In skilled hands, each firework takes about 45 seconds to make. The guys are friendly and eager to demonstrate the process for their skittish American visitor. Tengo miedo un poco, I manage to summon from my gringo-watching-telenovelas Spanish. I’m a little afraid. This brings only friendly laughter — it’s perfectly safe, they tell me. I should try it myself and see! Um... okay.
The results, in my hands: grab one of these, scoop some of this into there, drop that thing by accident, spill the powder back into the bin, get some of it on my pants, grab one of these again, and so on. Five minutes later: one firework and all ten fingers. A moral victory.
Now I’m dripping in sweat from the heat. And I’ve only been out here for maybe an hour, tops. These men work up to ten hours a day, but they have dreams and families to work for, so there it is.
As with nearly every client and business I’ve visited in these travels, I can barely imagine the patience and physical endurance involved.
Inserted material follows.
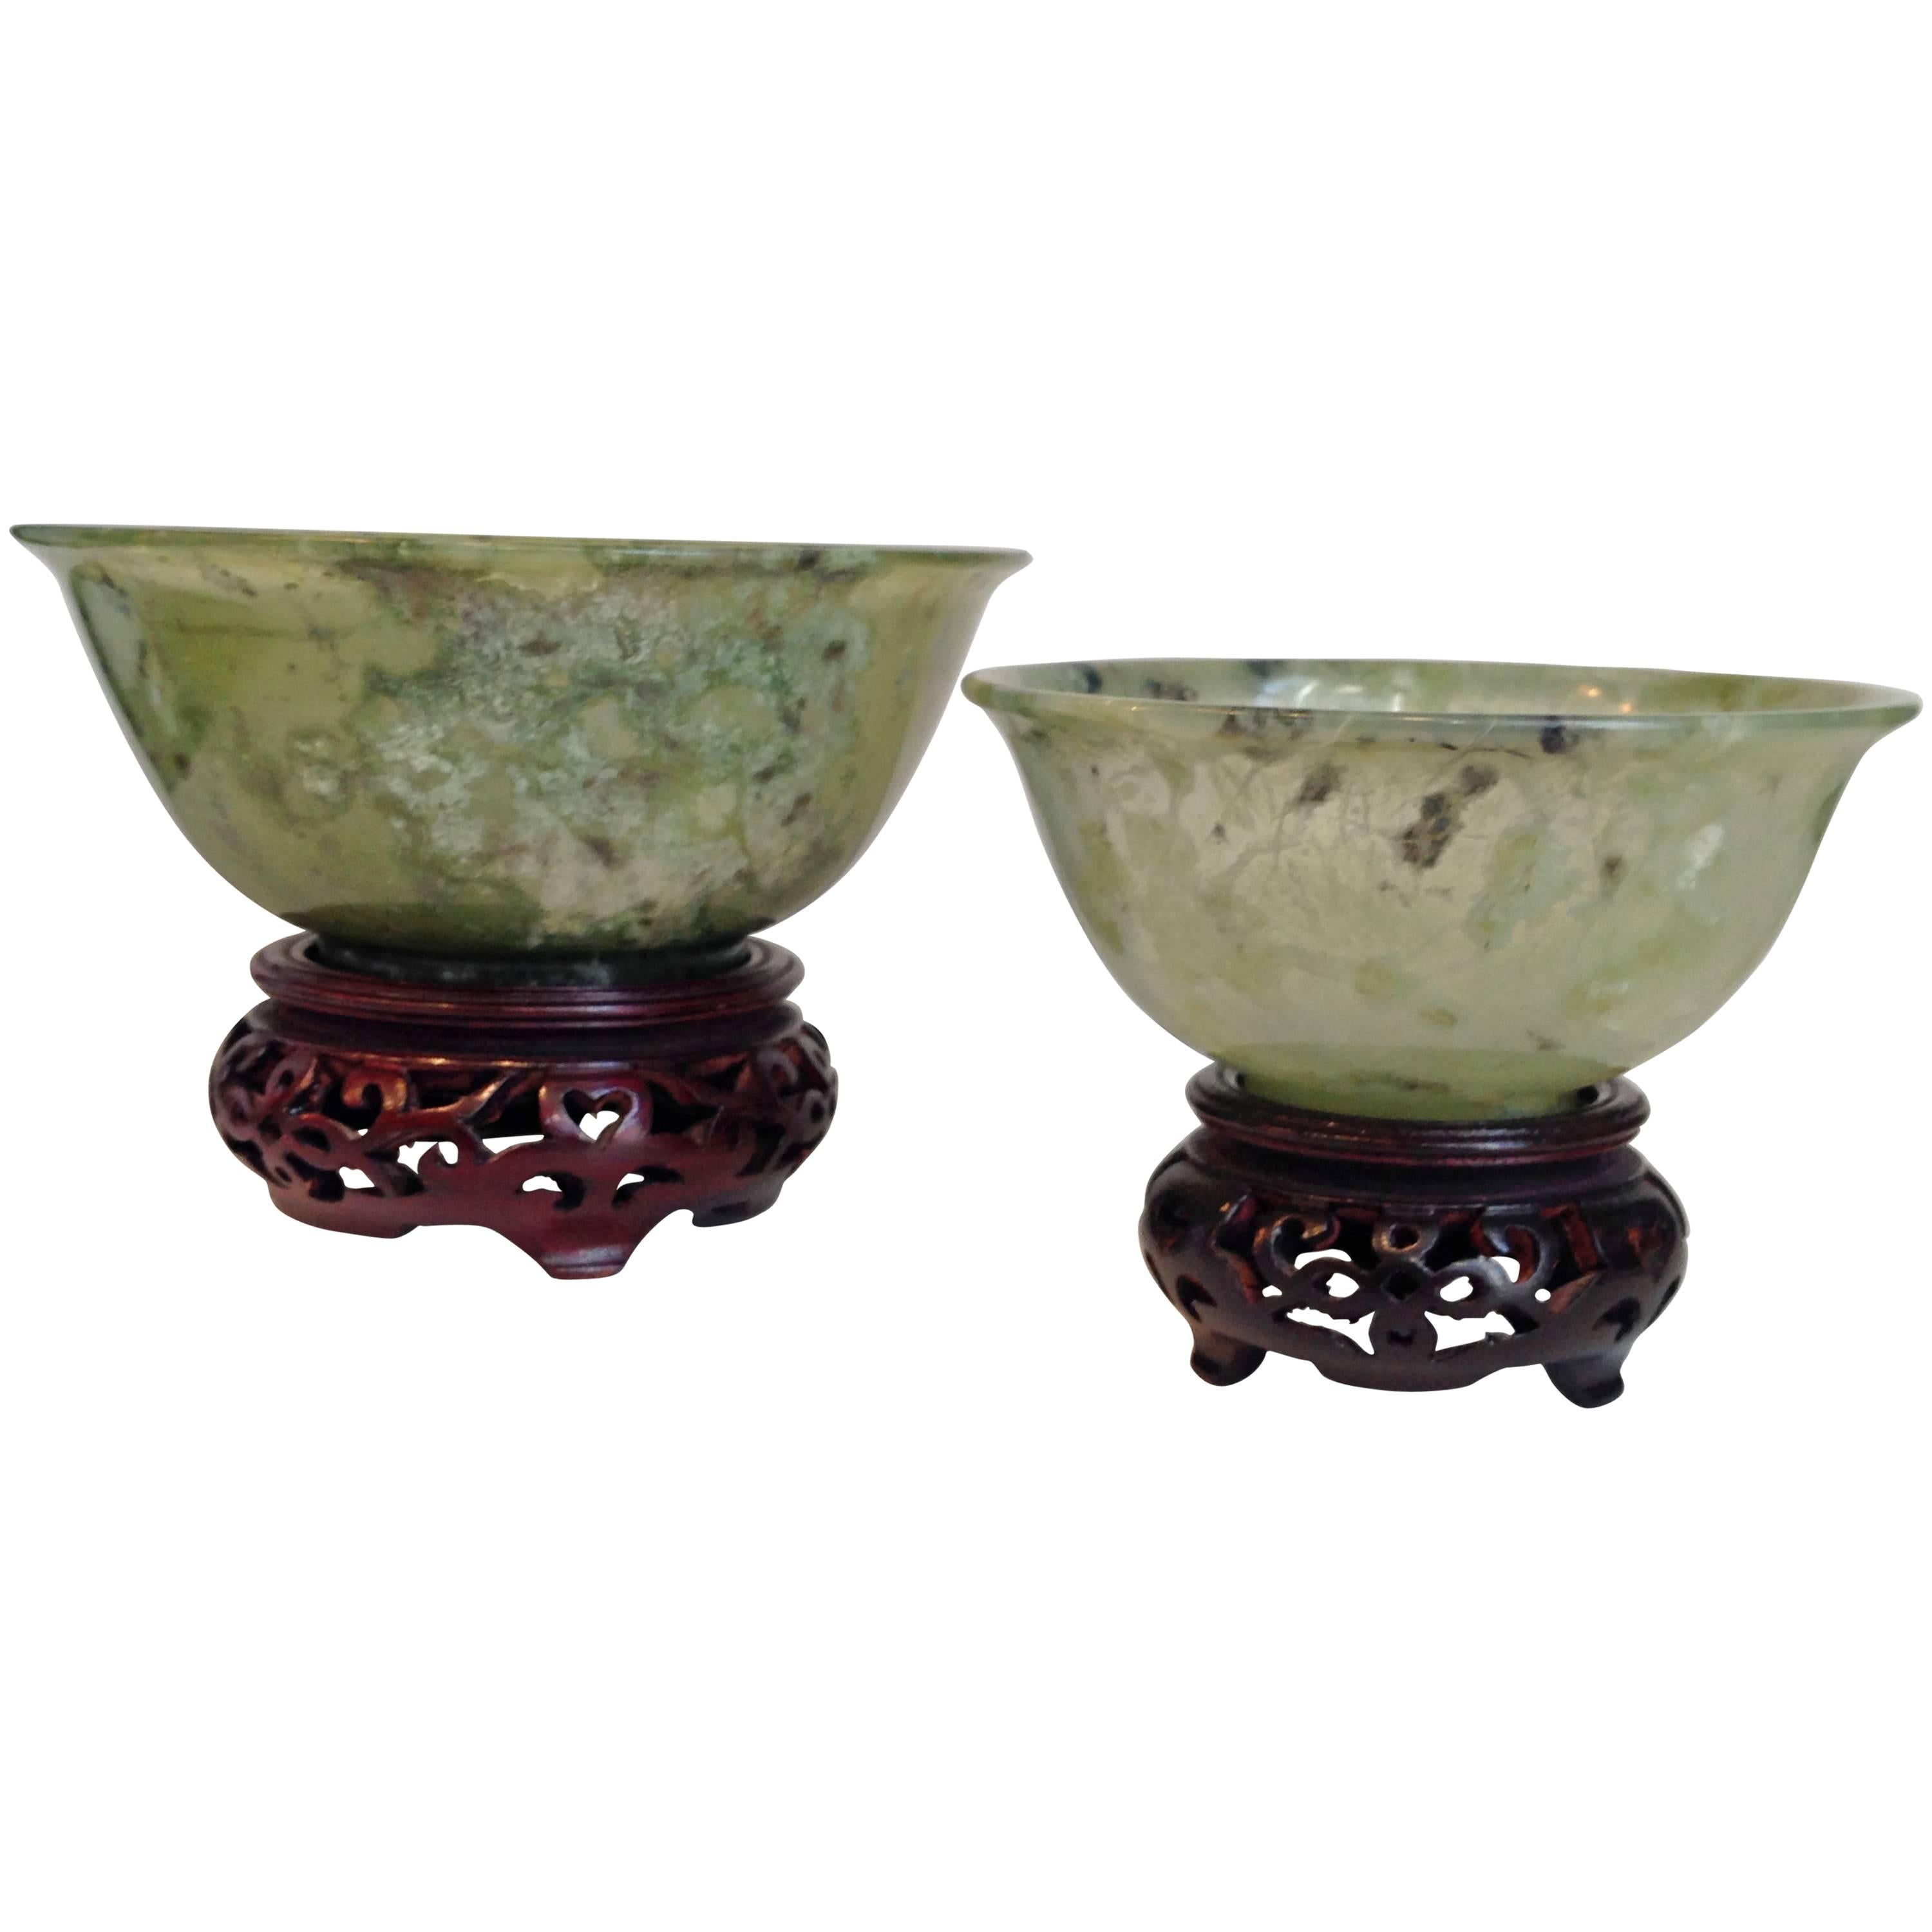 20th Century Chinese Pair of Jade Bowls on Stands

All I can map it to: when I was growing up in Ohio, my dad spent his entire adult life doing manual labor to support our family. He’d work in a warehouse, take third shift, lay sod in the hot sun, whatever was necessary. It’s hard to look at these workers in Nicaragua—or anywhere I’ve visited—and not see at least some resemblance. And my dad obviously had things a lot easier, given a minimum wage, occupational health and safety regulations, and so on.
One of the cruelest stereotypes about economic struggle is that it’s caused by a lack of hard work. Just one day in the field with microlending clients should be enough to convince anyone otherwise.
Finally, out in the street, ready to demonstrate the results of all the handiwork, Luis Alberto has the happy grin of a teenager. He’s 63 years old, mind you, and he speaks to his employees more as a father than as a boss. But when he’s about to light a fuse, he has the same smile he must have had when he was a kid.
Finally: match, fuse, ba-BAMM! We giggle like ten-year-olds. For one gorgeous instant, language, age, religion, and nationality disappear. It’s only one moment, sadly, and a Beavis and Butthead one at that. But this was hardly the only such moment of connection.
On my arrival at Luis Alberto’s home, recall, the discussion was immediately of things that matter everywhere: work, love, marriage, age, death, hope for the children, pride in small victories. I bet you feel connected to all of that, too, even through a computer, wherever you are.
I can’t change the birth lottery, any government, nor the slightest whim of the global economy. I don’t pretend for one second that my $25 loan or the afternoon I spent counting and re-counting my fingers (Ten? Yes!) with Luis Alberto, by themselves, had any great effect on his life.
But I can and do feel grateful to be able to help this gentle, funny man to create great effects in his own life, to provide a home for his family and employment for those around him.